I am also interested in what type of redirect is suggested. 301, 302, or is there some other code to specify a mobile device redirect?

davidfricks said...

I too would like to know what type is preferred. For SEO the usual answer is 301 but it looks like many sites including gmail.com use a 302.

insomnia said...

we utilize SSI to detect and simply include the correct version of the page to display based off of user agent strings, thus both desktop and mobile versions of a given page have the same url. both have the same content just formatted differently. thoughts on this?

mcsquare.me said...

if you wish o create a mobile version of yopuur site and want to do it the easiest and fastest way you can imagine, you shoul check: http://gmbhnews.com/make-mobile-site/ , it's the easiest and best mobile tool I know.

Marcin said...

can you please confirm what redirection type you recommend: 301 or 302 ? cheers

Prayag Verma said...

I want to redirect my blog to its mobile version (the one google provides ,as it is not being detected by Mobiles normally) .Please give me the code for that purpose.

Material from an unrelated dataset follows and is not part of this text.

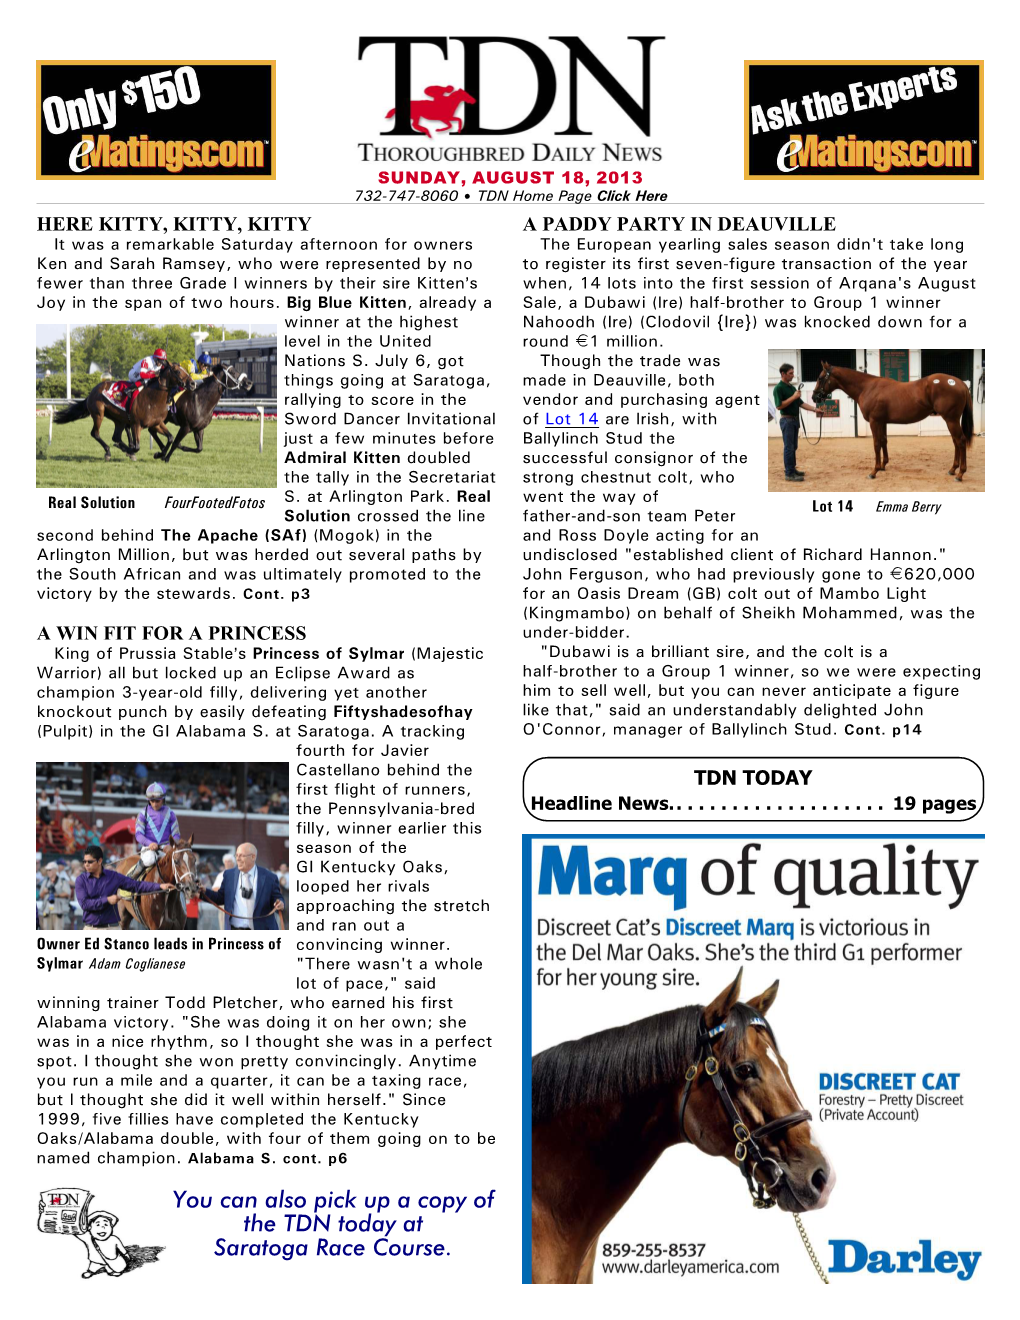 You Can Also Pick up a Copy of the TDN Today at Saratoga Race Course

Like if my Blog URL is blogname.blogspot.com

I want it to redirect to blogname.blogspot.com/?m=1

Satya said...

Awesome post . help me to understand the concept of the mobile browsing.

All Vinyl Siding and Windows Greensboro NC said...

I am using Google sites for my web site www.allvinyl.info
How can I Point it to a different site for mobile version? I know they have a change to mobile view , but I like the mobile view I made more.

sergiuliano said...

What about websites developed with Responsive Design technology? How will google see those sites? as being mobile friendly or not ?

Google Webmaster Central said...

Hi everyone,

Since over a year has passed since we published this post, we're closing the comments to help us focus on the work ahead. If you still have a question or comment you'd like to discuss, free to visit and/or post your topic in our Webmaster Central Help Forum.